(GIVEN DATA Opens)
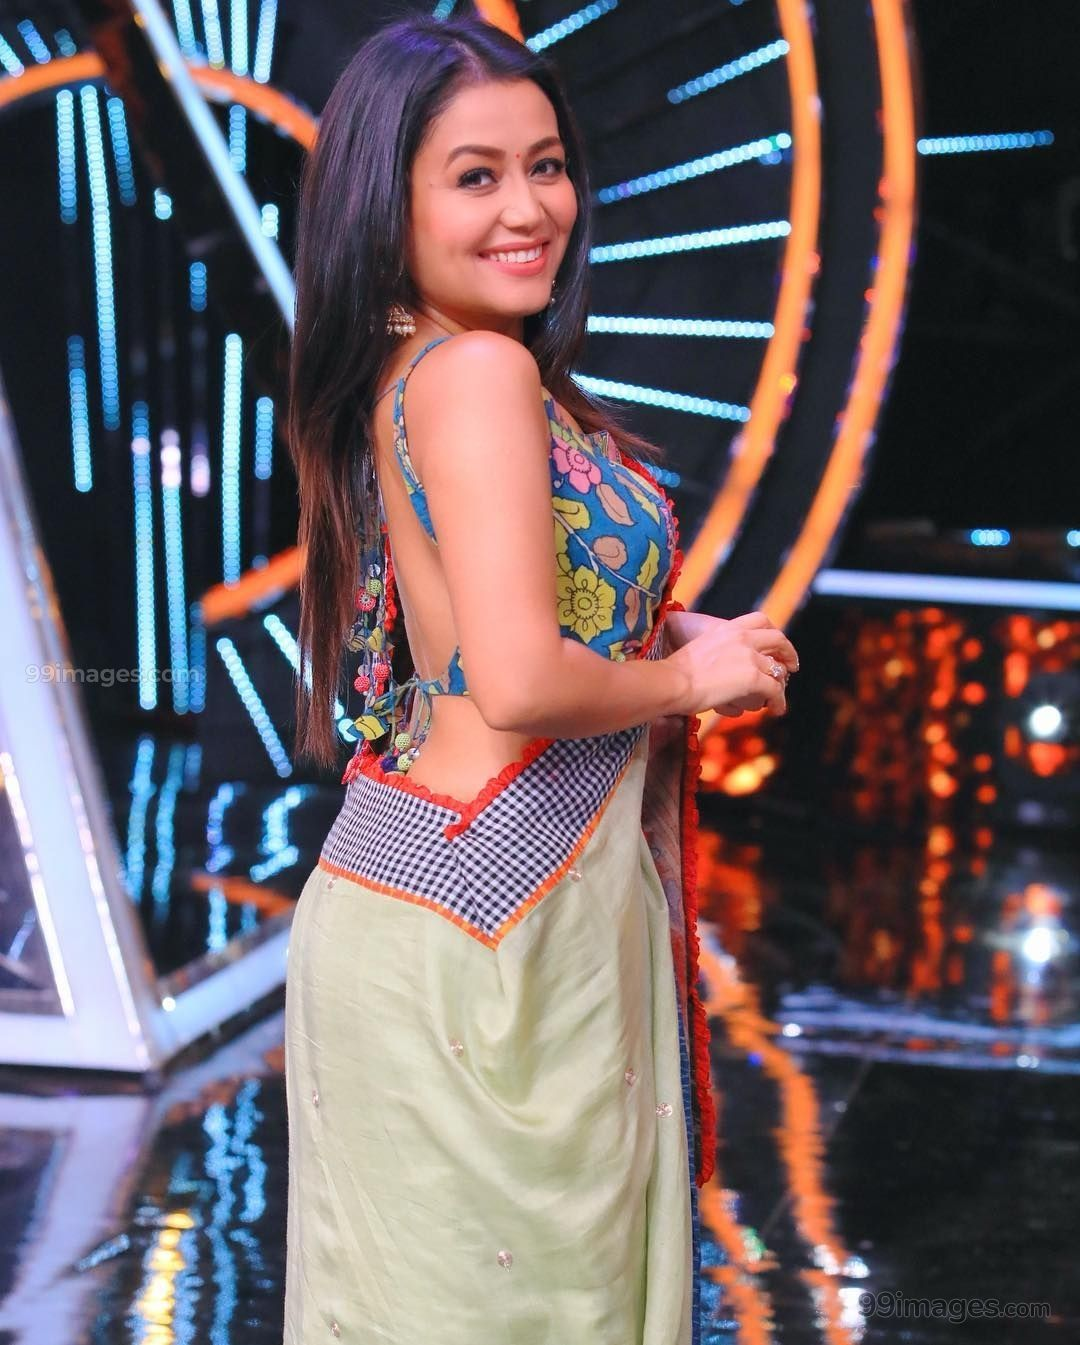 Neha Kakkar Beautiful Photos Mobile Wallpapers Hd Android Iphone 1080p 37833 Nehakakkar Actress T Neha Kakkar Dresses Celebrity Outfits Neha Kakkar
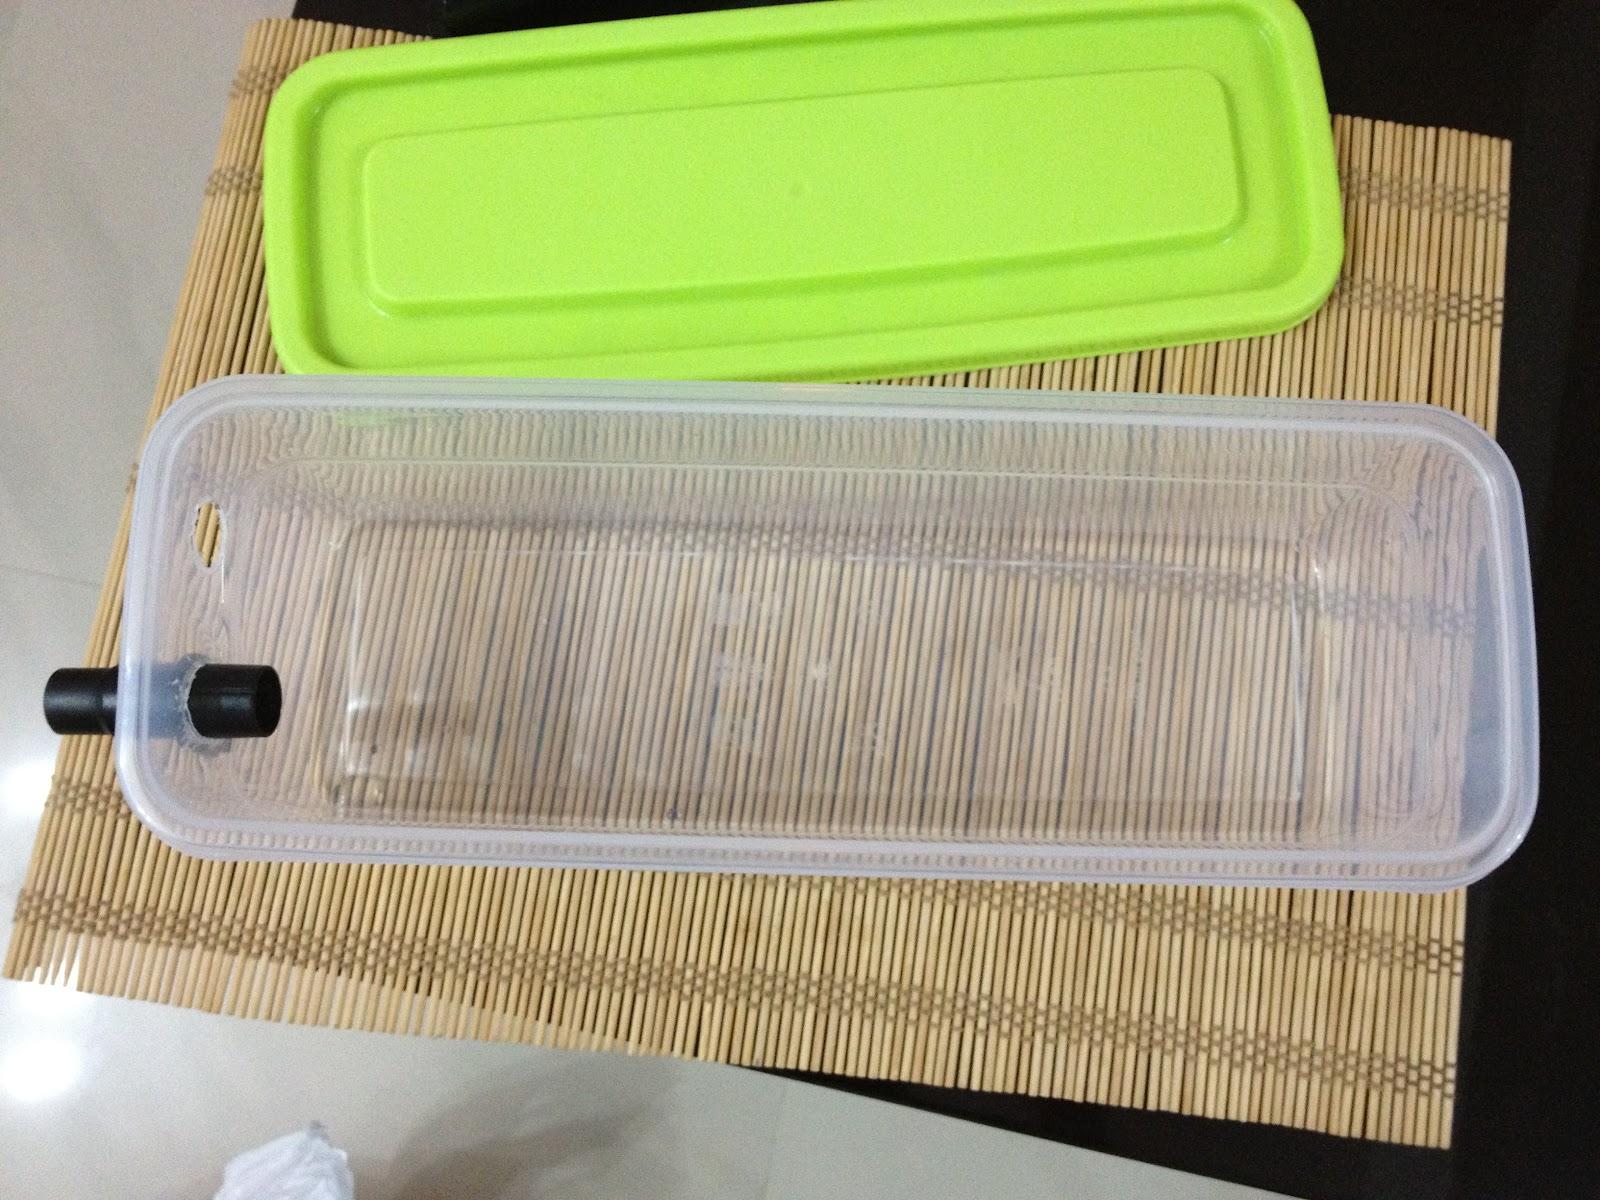 Aquabie diy filter box for Fish tank filter homemade
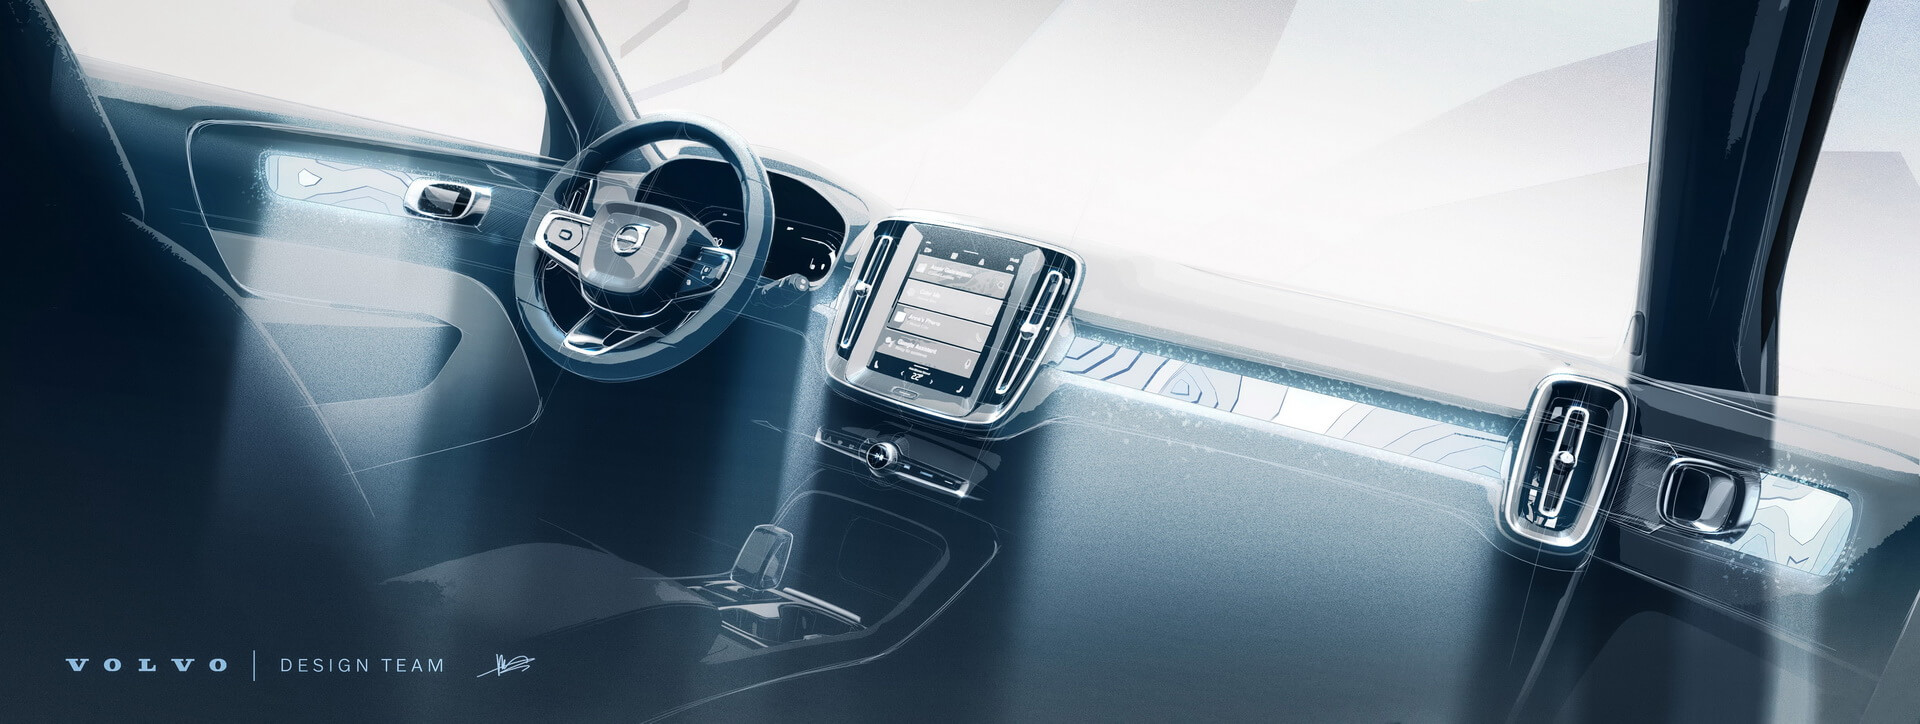 Эскиз интерьера электрокроссовера Volvo C40 Recharge
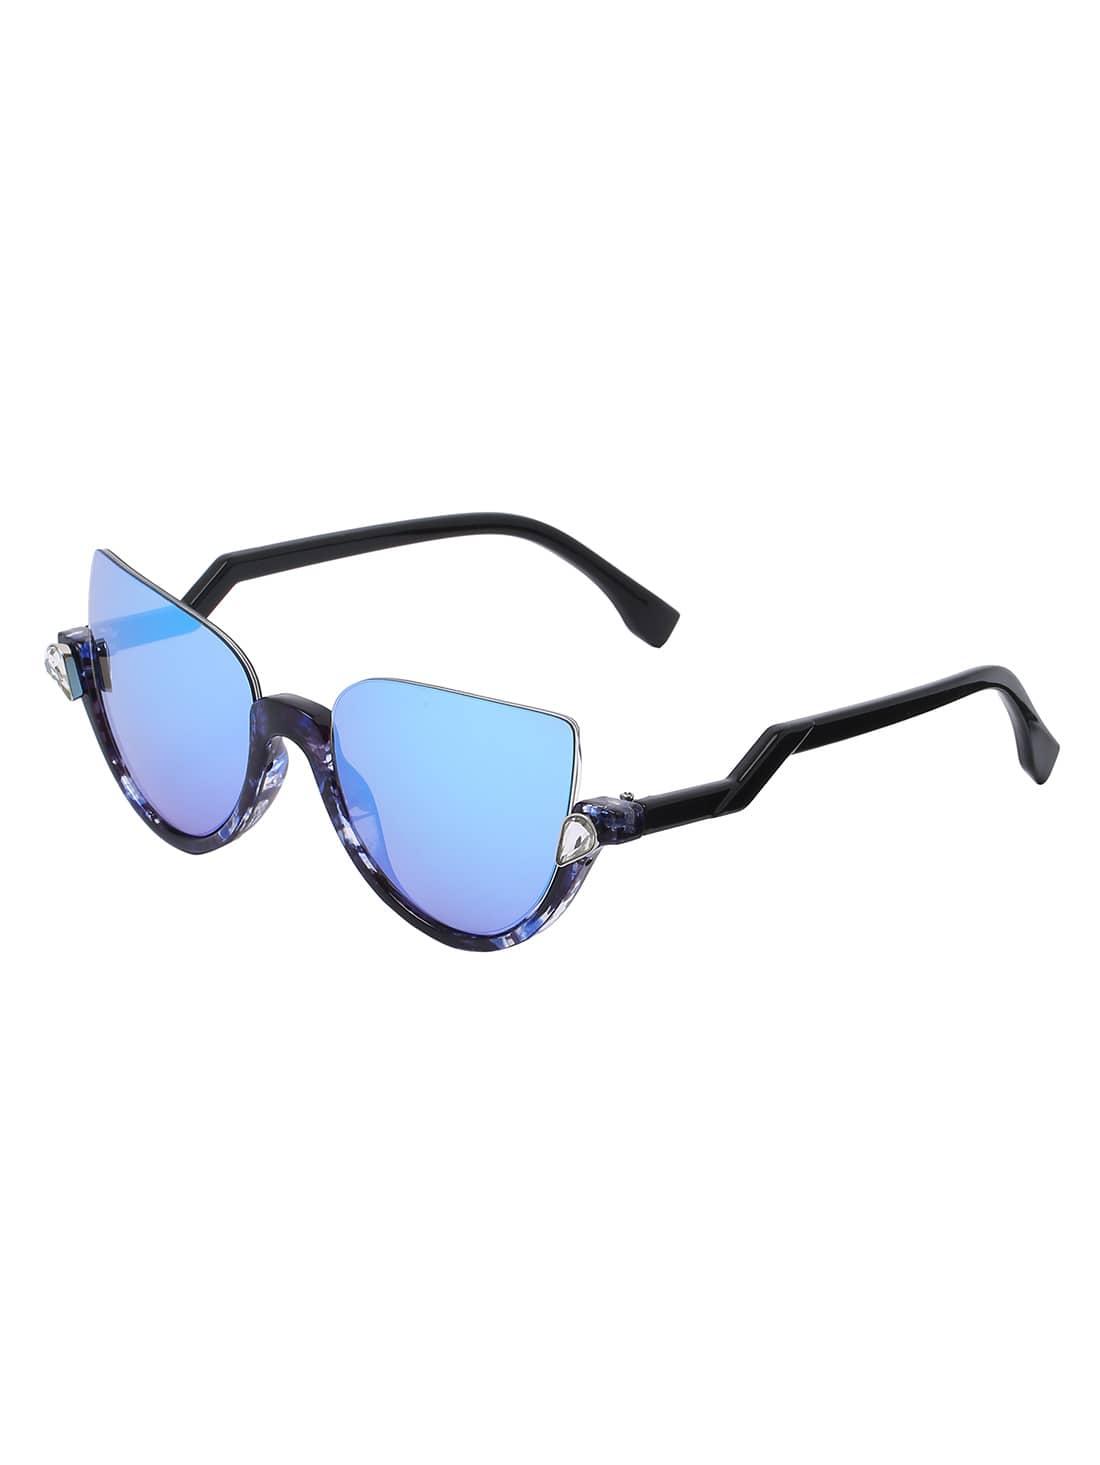 Half Frame Cat Glasses : Cat Eye Blue Half Frame Sunglasses -SheIn(Sheinside)
(GIVEN DATA Closes)
GOAL OF THE EXERCISE.
The answer is to be the lines of the listing from the first through the one with "Aquabie diy filter", reproduced exactly, without any pictures.

ANSWER SPACE.
 Neha Kakkar Beautiful Photos Mobile Wallpapers Hd Android Iphone 1080p 37833 Nehakakkar Actress T Neha Kakkar Dresses Celebrity Outfits Neha Kakkar
 Aquabie diy filter box for Fish tank filter homemade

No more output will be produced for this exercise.